→ **Exercise prompt**
Please produce a character-exact copy of the listing that follows, omitting all images.

→ **Information shown**
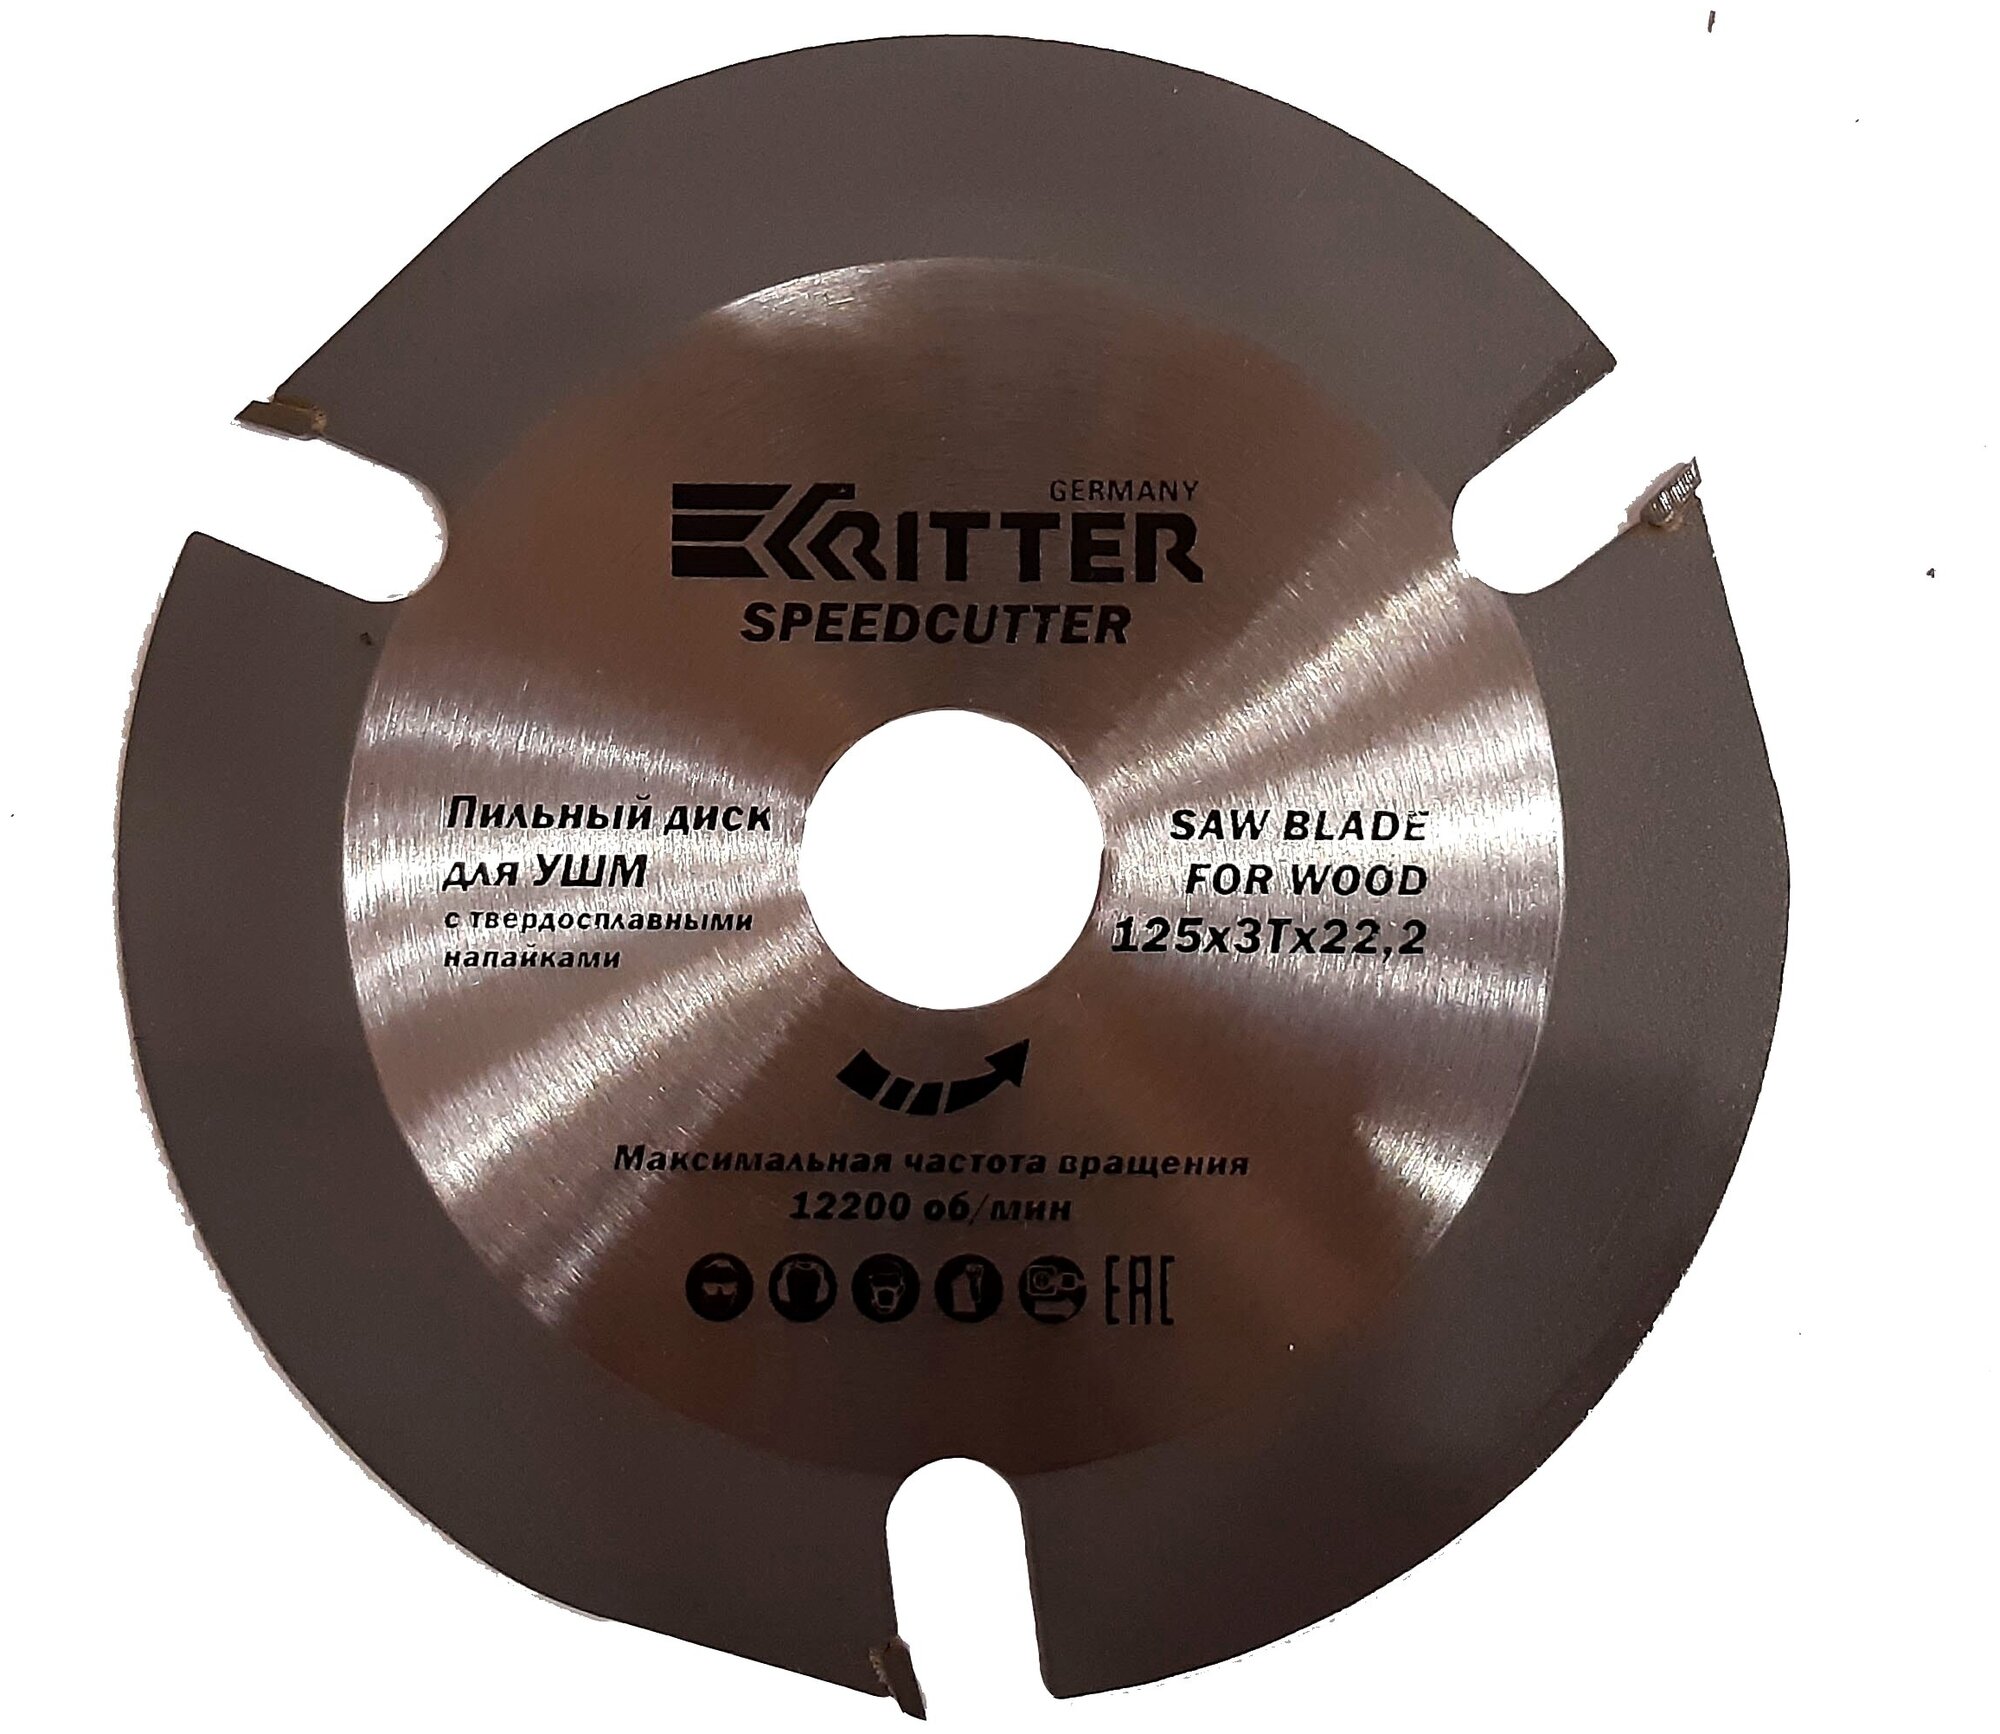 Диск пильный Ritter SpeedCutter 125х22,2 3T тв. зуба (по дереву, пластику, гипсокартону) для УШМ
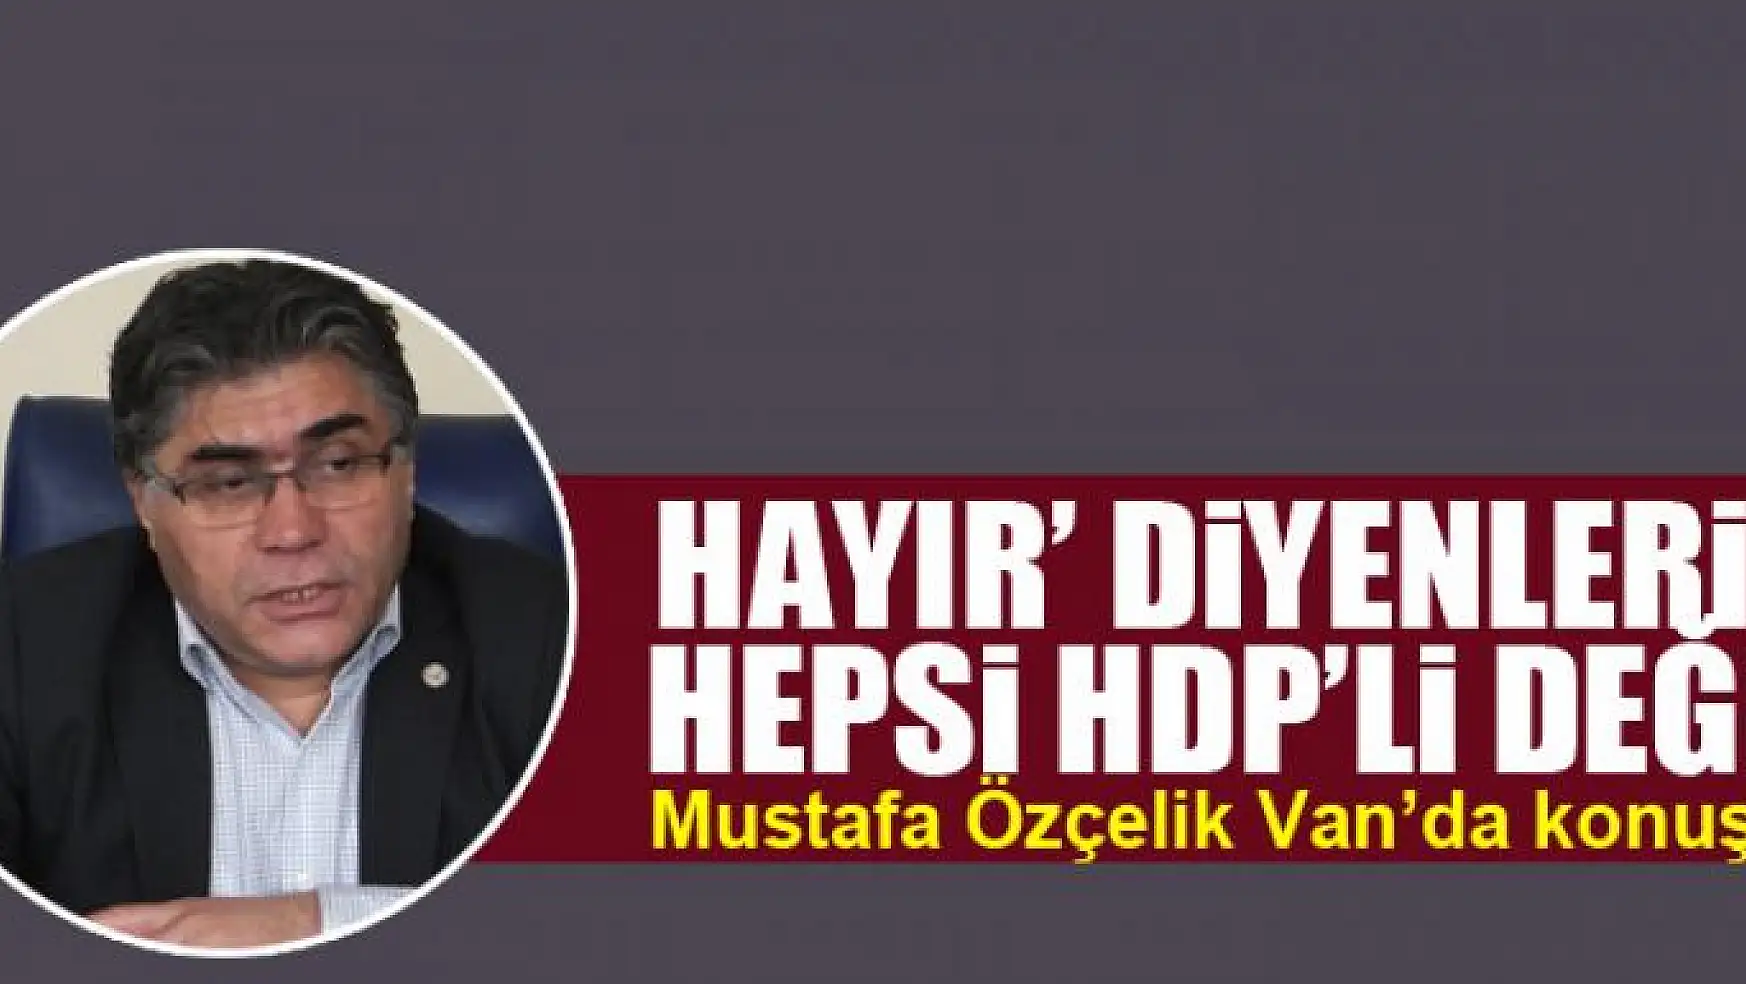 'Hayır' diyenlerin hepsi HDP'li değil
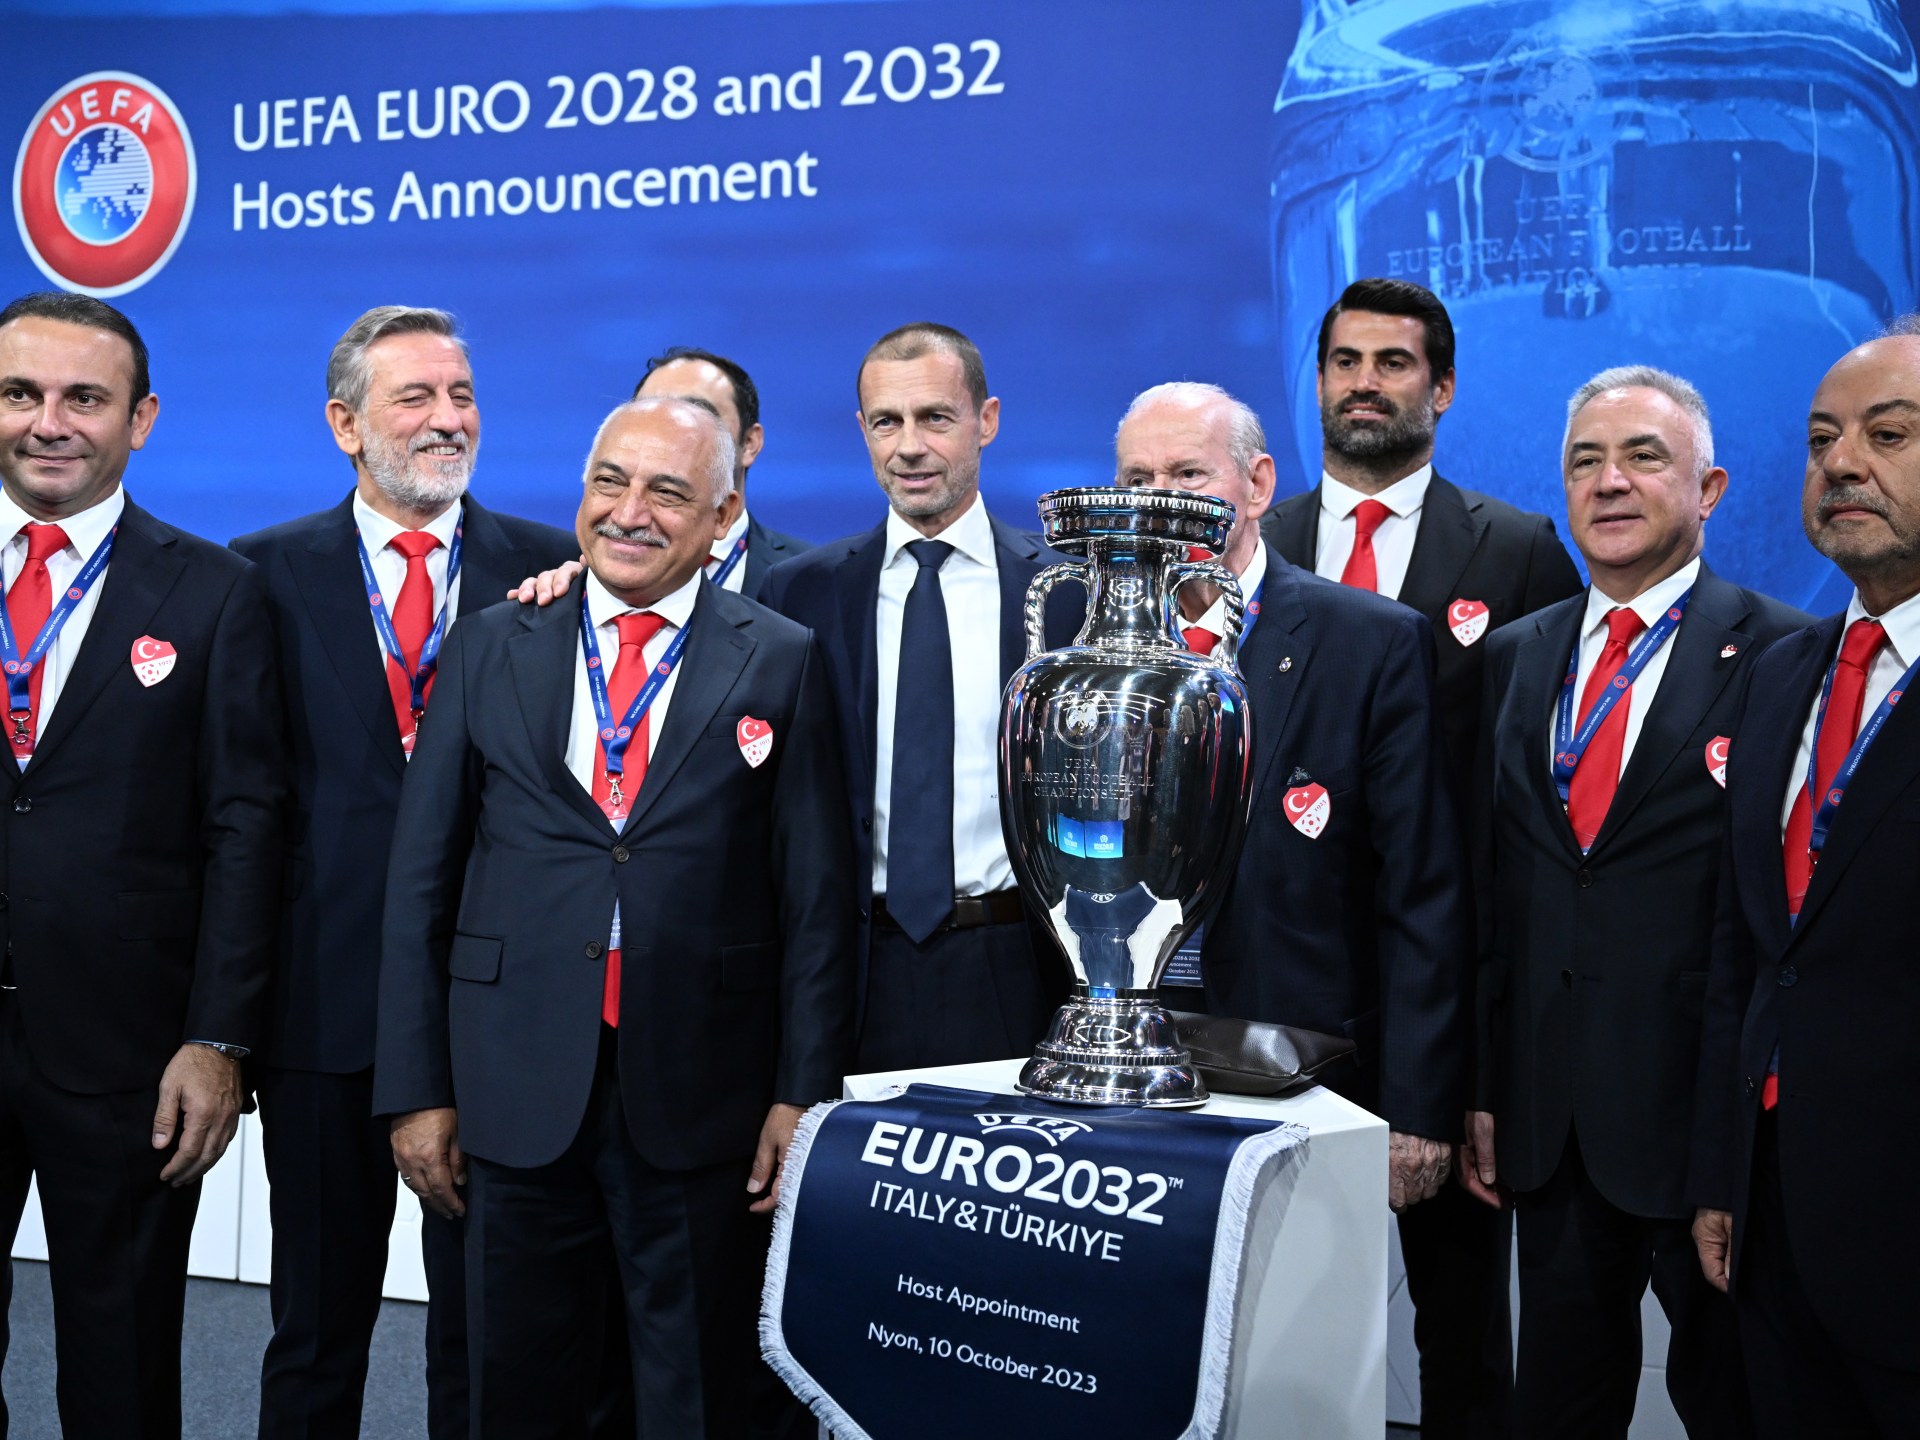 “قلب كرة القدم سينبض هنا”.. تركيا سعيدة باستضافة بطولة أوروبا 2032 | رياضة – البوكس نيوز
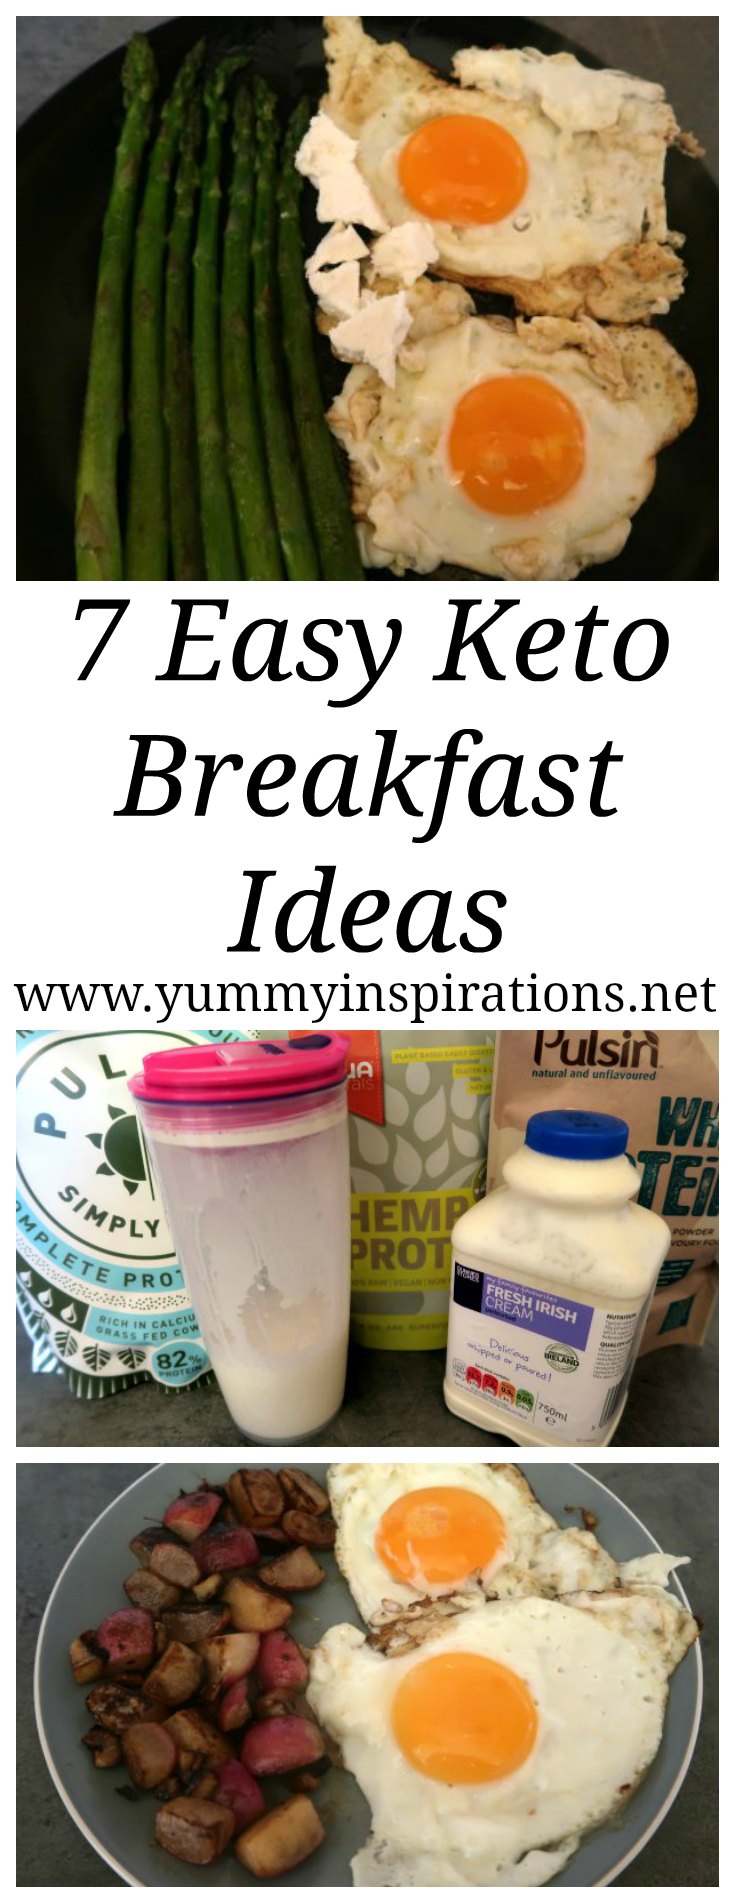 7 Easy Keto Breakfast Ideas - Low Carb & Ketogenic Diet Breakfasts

→ **Written response**
 Диск пильный Ritter SpeedCutter 125х22,2 3T тв. зуба (по дереву, пластику, гипсокартону) для УШМ
 'Hayır' diyenlerin hepsi HDP'li değil
 “قلب كرة القدم سينبض هنا”.. تركيا سعيدة باستضافة بطولة أوروبا 2032 | رياضة – البوكس نيوز
 7 Easy Keto Breakfast Ideas - Low Carb & Ketogenic Diet Breakfasts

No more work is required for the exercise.